> What you will do
Set the images aside and retype the whole listing exactly.

> Data extract
________________________________________

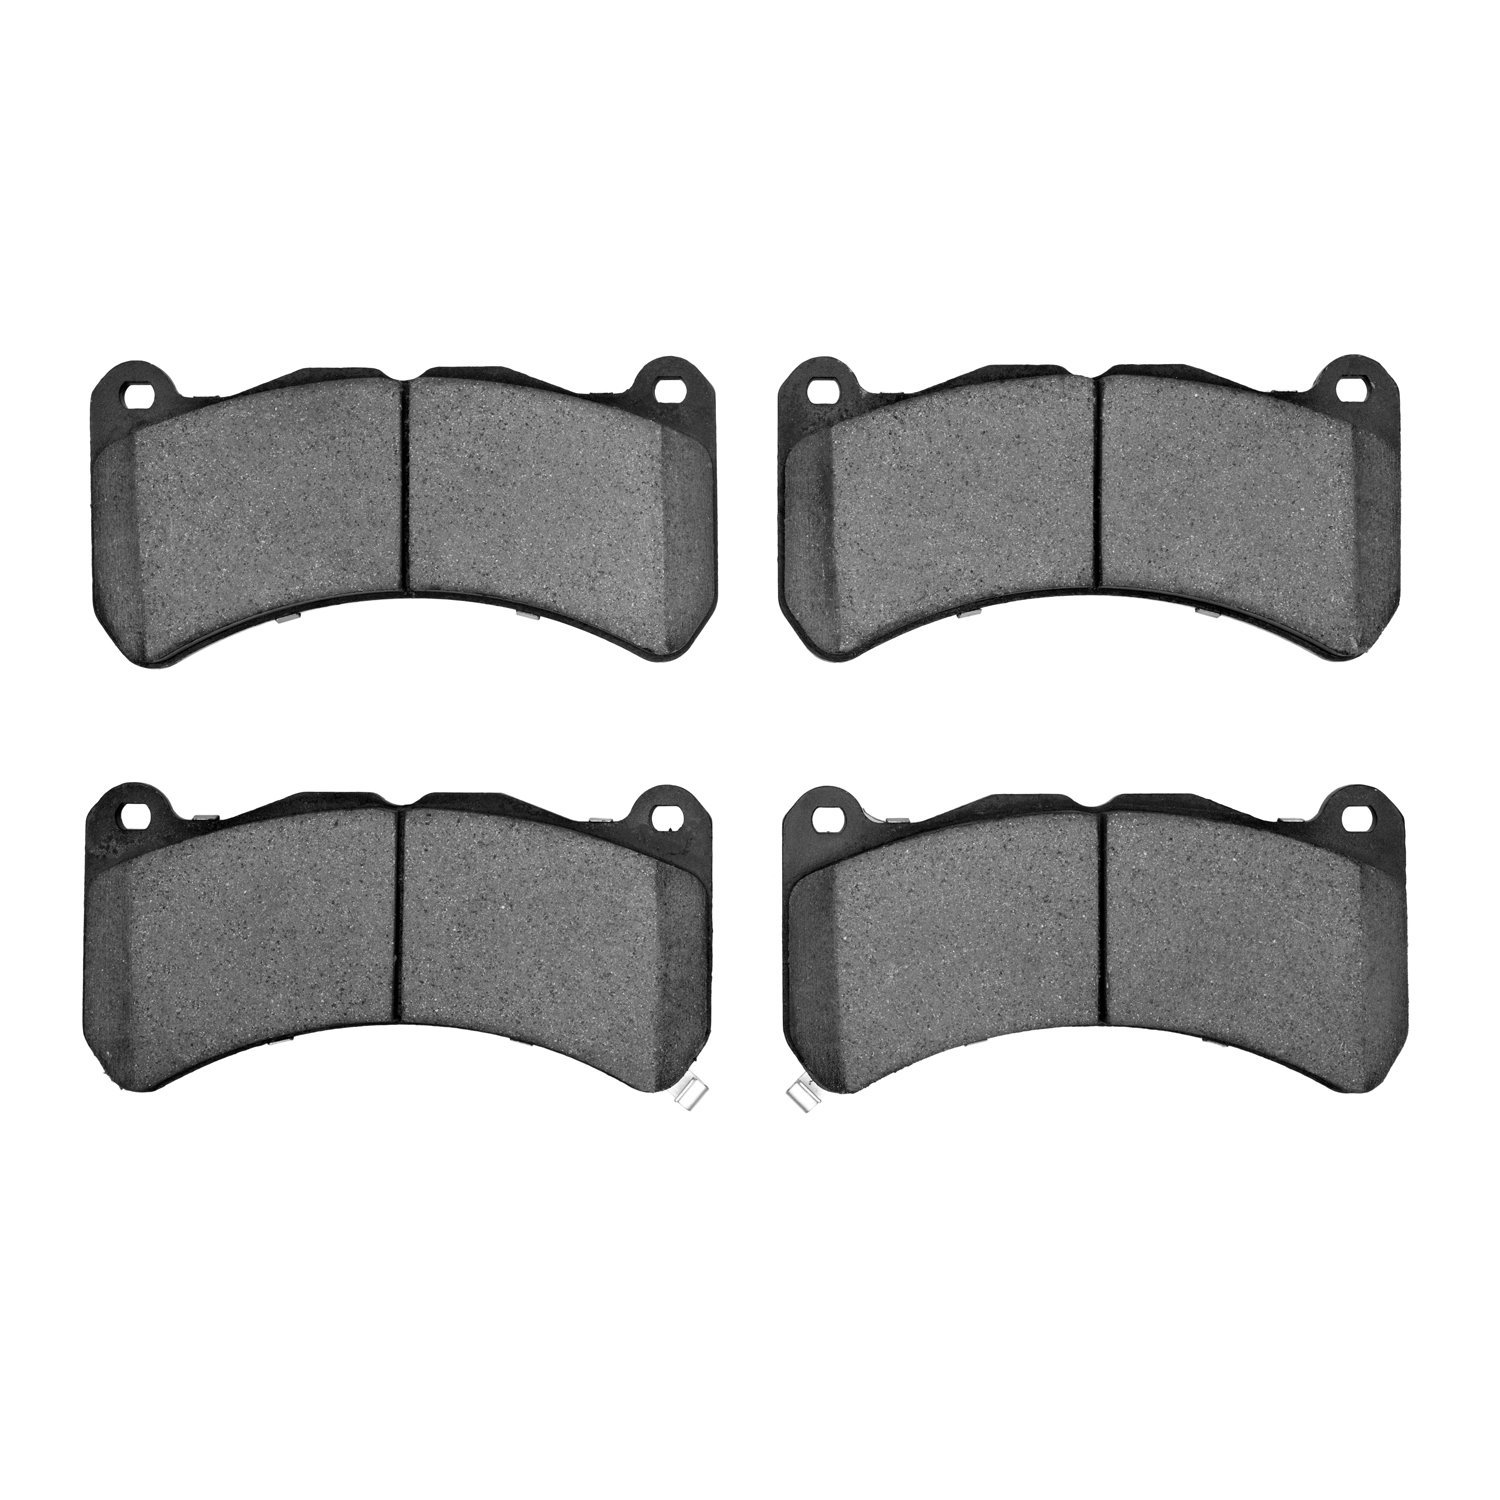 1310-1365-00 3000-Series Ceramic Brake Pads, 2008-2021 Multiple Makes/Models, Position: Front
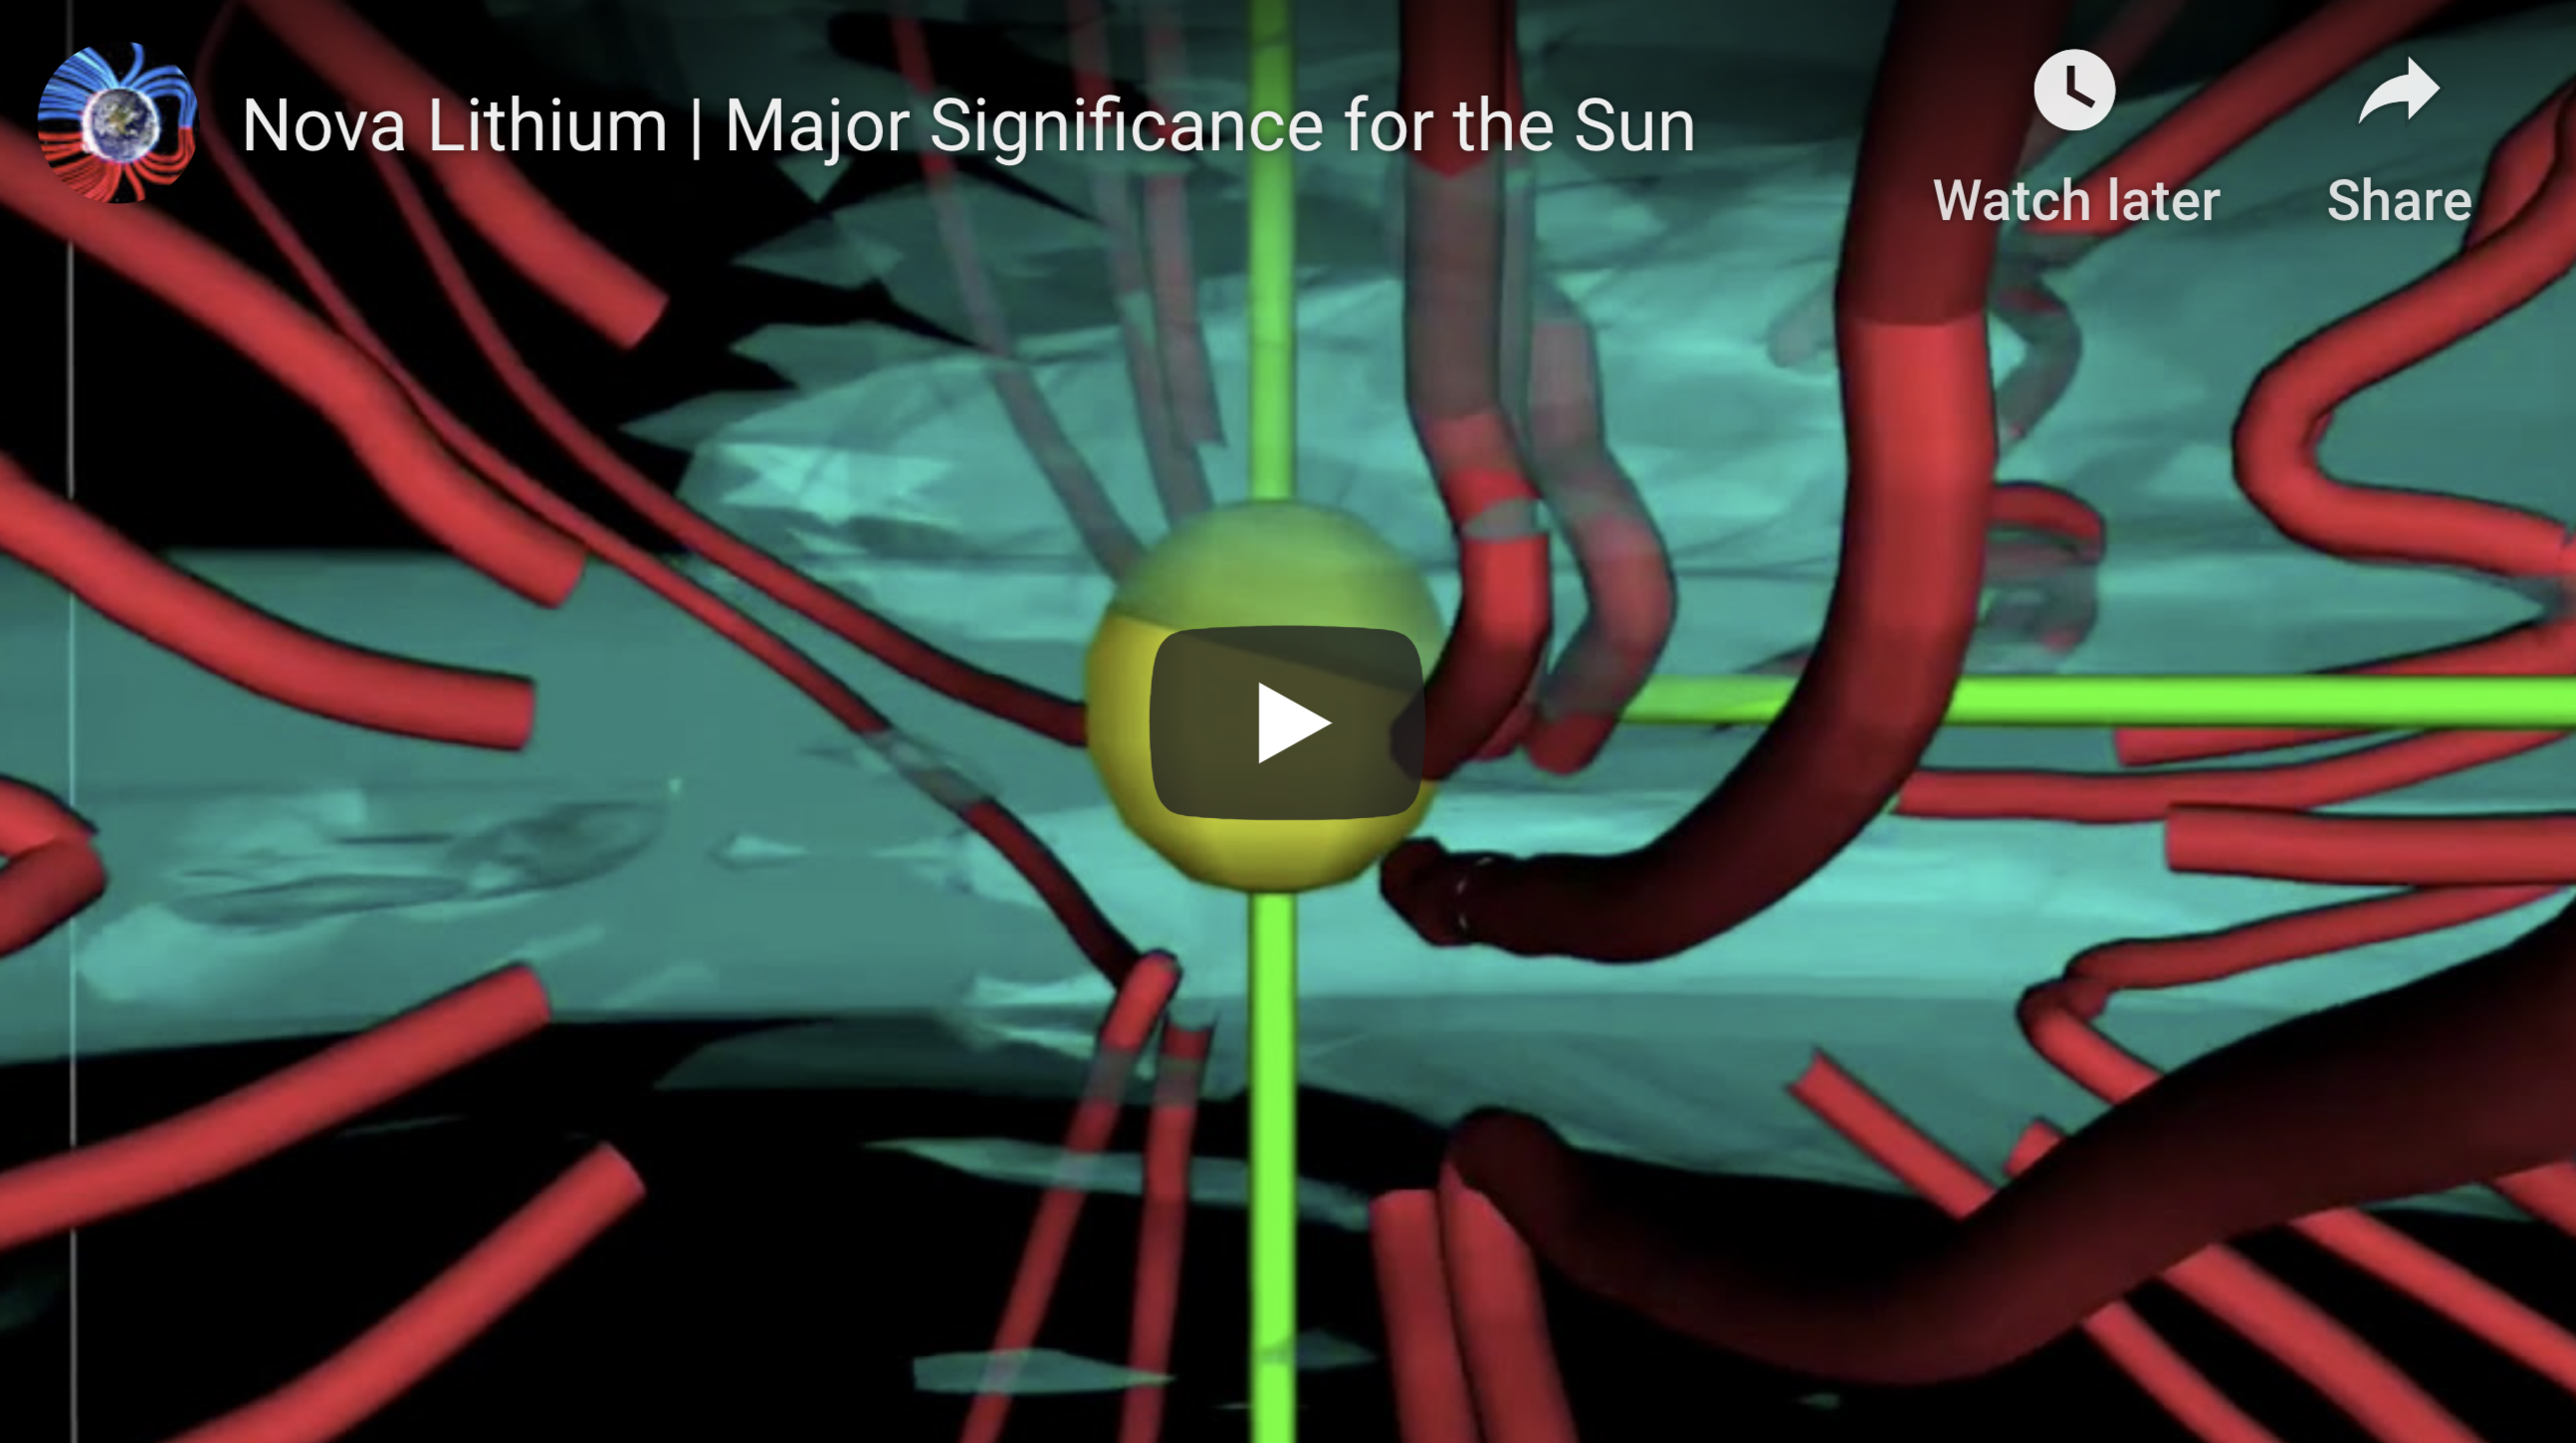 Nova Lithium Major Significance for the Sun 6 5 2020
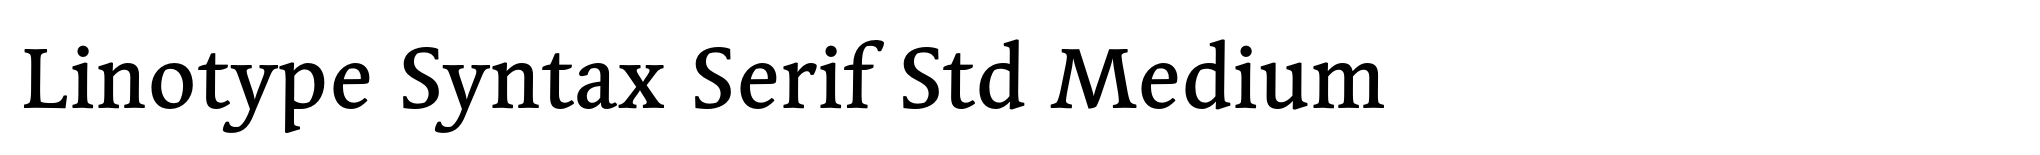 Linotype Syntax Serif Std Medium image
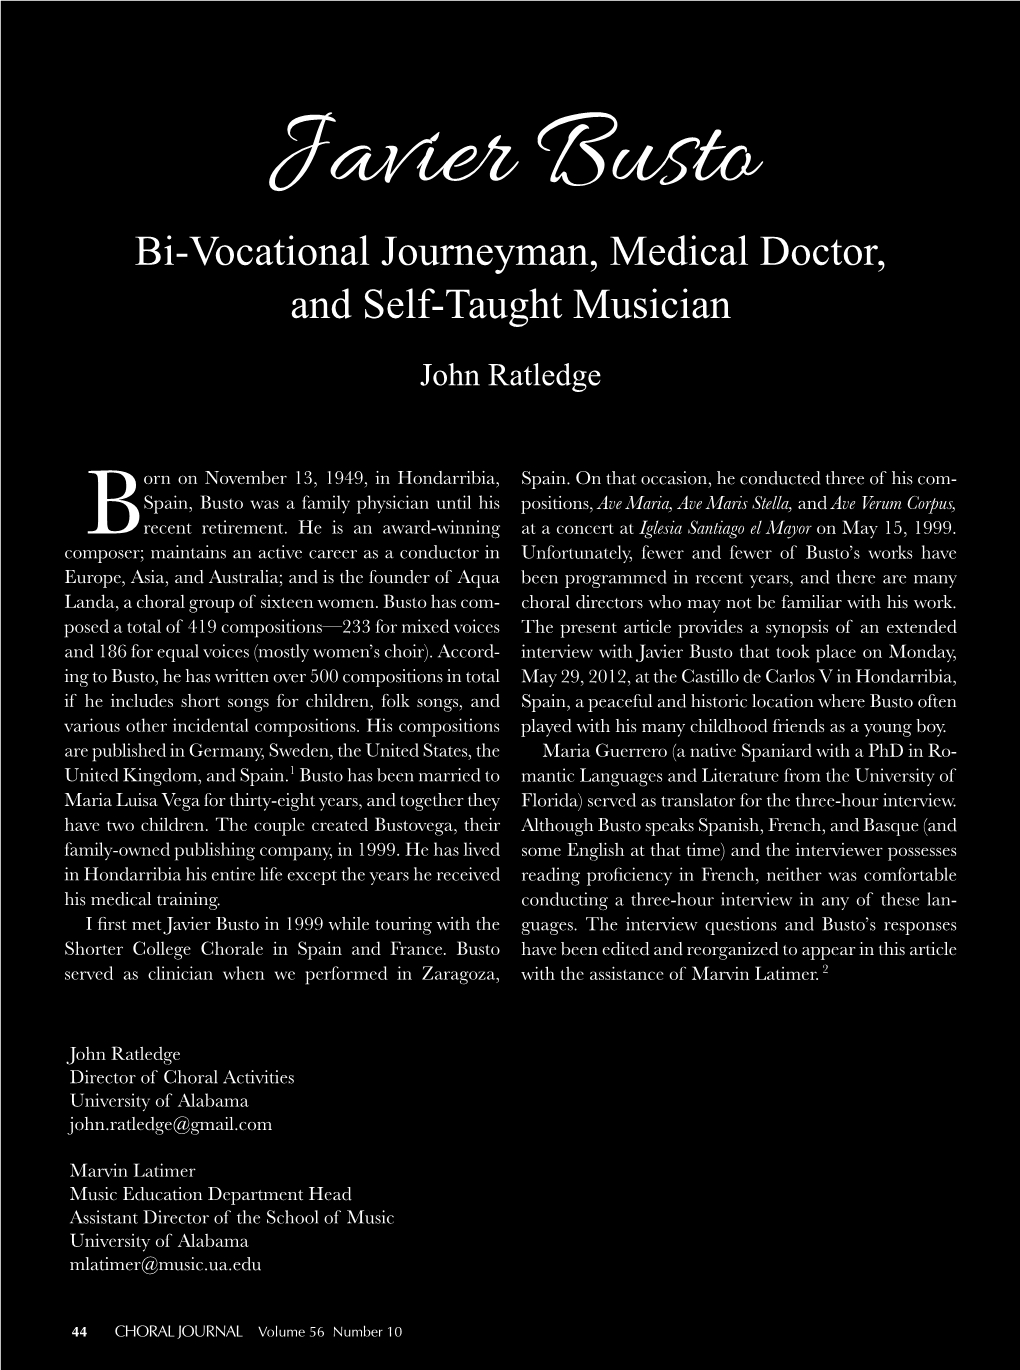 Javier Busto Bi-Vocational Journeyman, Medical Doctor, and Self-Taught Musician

________________________________________

> Solution for this exercise
 1310-1365-00 3000-Series Ceramic Brake Pads, 2008-2021 Multiple Makes/Models, Position: Front
 Nova Lithium Major Significance for the Sun 6 5 2020
 Linotype Syntax Serif Std Medium image
 Javier Busto Bi-Vocational Journeyman, Medical Doctor, and Self-Taught Musician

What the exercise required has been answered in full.